Plant/Part: Tree/Peel (Source : Brazil, Spain, Italy and California)
Latin Name: Citrus Madurensis
AROMA: Delicate, sweet, tangy with floral undertones.
PROPERTIES: Antispasmodic, Cholagogue, Cytophylactic, Digestive, Emollient, Sedative, Tonic. A gentle and calming oil, good for oily skin. Known in France as "the children's remedy" for its mildness - use it in massage for the digestive system and, like Lavender, can be used in massage oil to help prevent stretch marks. A tonic to the digestion, stimulates appetite, particularly after illness or loss of hunger due to depression. Seems to have a stimulating effect on the liver, helping to regulate metabolic processes and aids in the secretion of bile and of breaking down fats. At the same time it is calming to the intestines and good for expelling gas. Its cheering action is sometimes used as part of a blend to ease pre menstrual tension. Possibly has an enhanced effect when blended with other citrus oils.

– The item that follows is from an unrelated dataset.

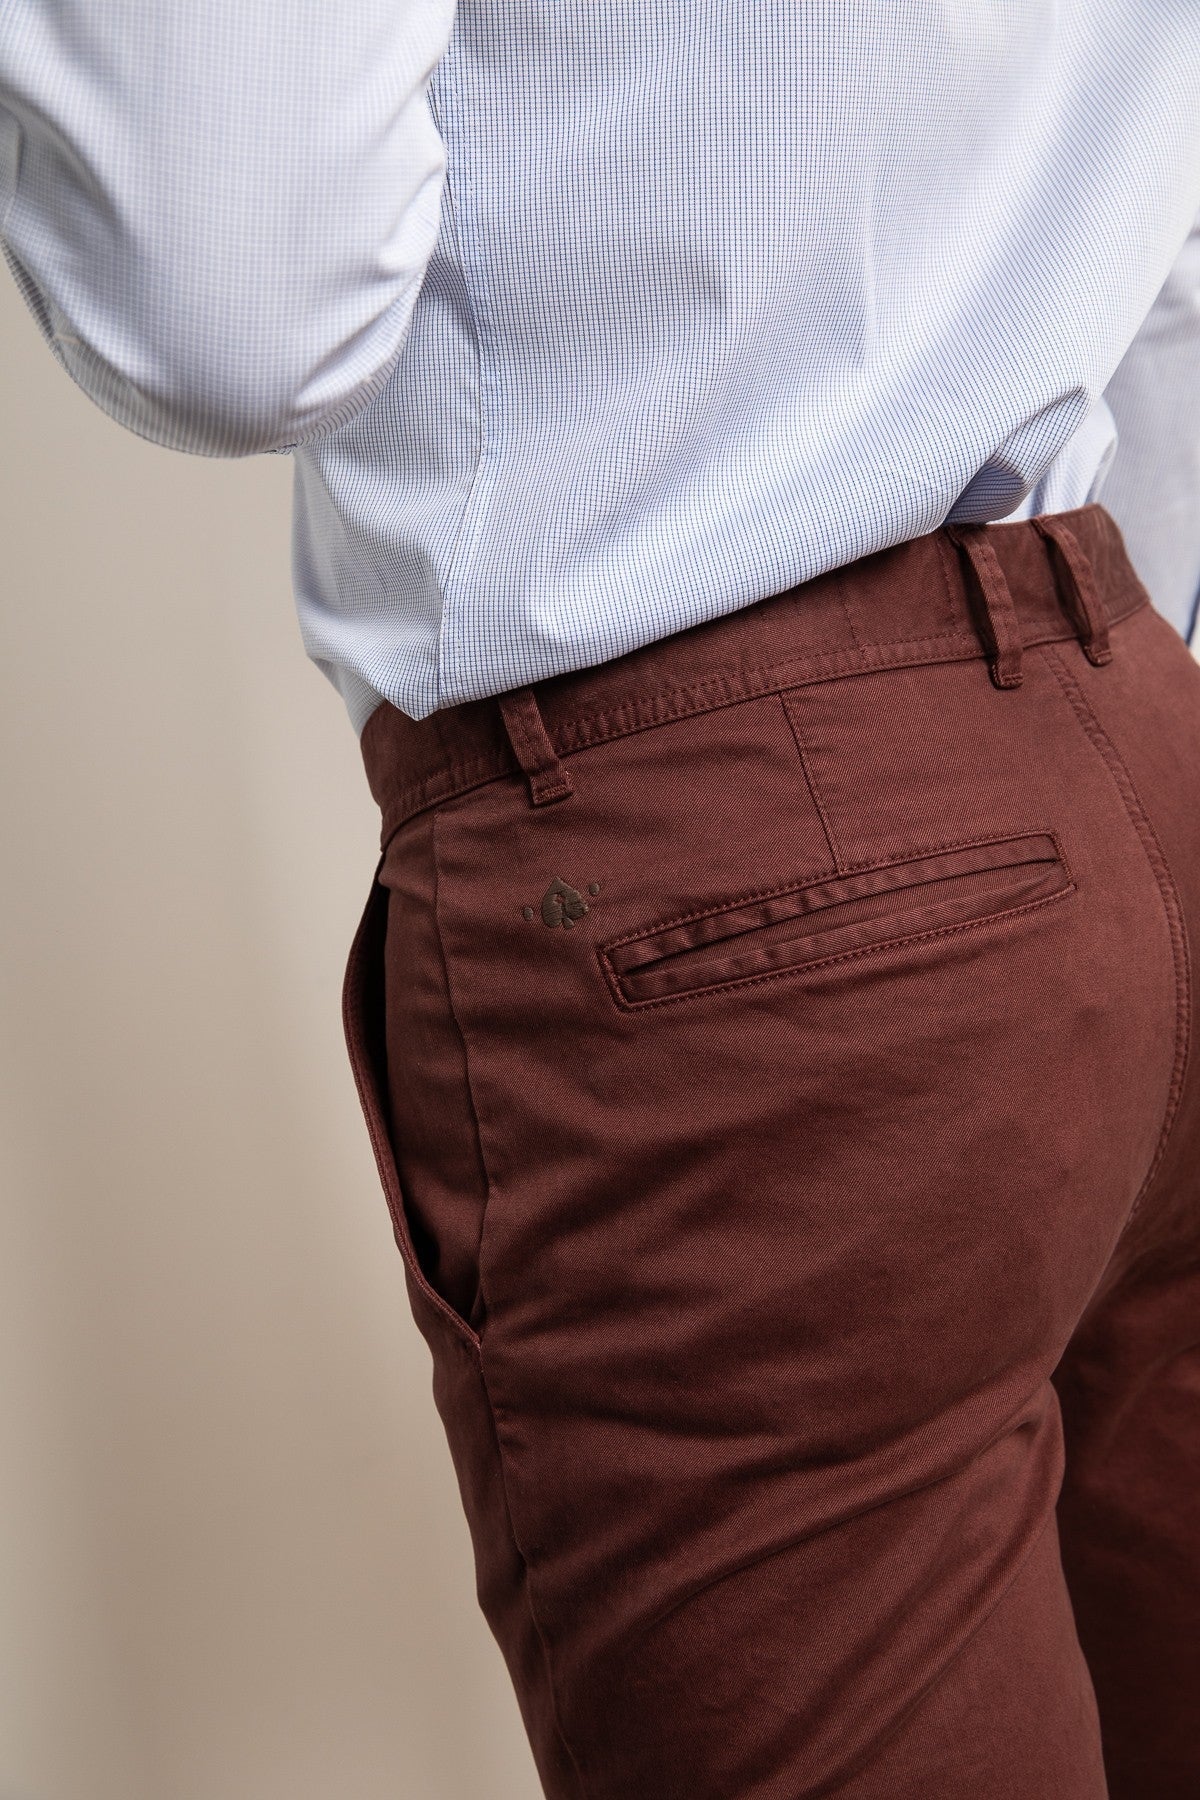 Jaqk - Burgundy Trousers - Walter - The Good Chic

CHEMICAL CONSTITUENTS: Linomene, Geraniol, Citral, Citronellal.
PRECAUTIONS: Do not use Mandarin on the skin in direct sunlight.
BLENDS: Basil, Bergamot, Black Pepper, Coriander, Chamomile, Clary Sage, Geranium, Grapefruit, Lavender, Lemon Lime, Neroli, Orange, Palmarosa, Petitgrain, Rose.
The Mandarin (Citrus Nobilis, or Citrus Madurensis) probably originated in China, and has certainly been known in that country since antiquity. It takes its name from the fact that, in the past, the fruit was traditionally offered as gifts to the mandarins. The essential oil has a very delicate aroma, true to the scent of the fruit, and is golden-yellow in colour, with a slight blue-violet fluorescent tint visible in bright light. The major constituents are limonene, methyl methylanthranilate and smaller amounts of geraniol, citrai and citronellal.
A major application of Mandarin is in treating digestive problems, as it has a tonic and stimulant effect on both the stomach and liver. Its effect on the intestines is calming (in common with both Neroli and Orange) and it has been found to be even more effective when used in a synergistic combination with other citrus oils.
Because of its gentle action. Mandarin is often regarded in France as 'the children's remedy' and is often chosen to help with the tummy upsets of childhood, including 'burps' and hiccoughs. A 2% dilution in almond oil can be gently massaged into the tummy, always in a clockwise direction. I would extend this to say that it could be a wise choice for anybody who is a little fragile, particularly the elderly.
Mandarin is one of the oils which is safe to use during pregnancy, as it will not harm either the mother or the developing child. It is an excellent component of massage oils for the prevention of stretch-marks: I drop each of Lavender, Mandarin and Neroli to 10 mis of almond oil and 2 mis of wheatgerm oil is a good blend. It must be used daily, preferably twice daily, from about the fifth month of pregnancy to be really effective.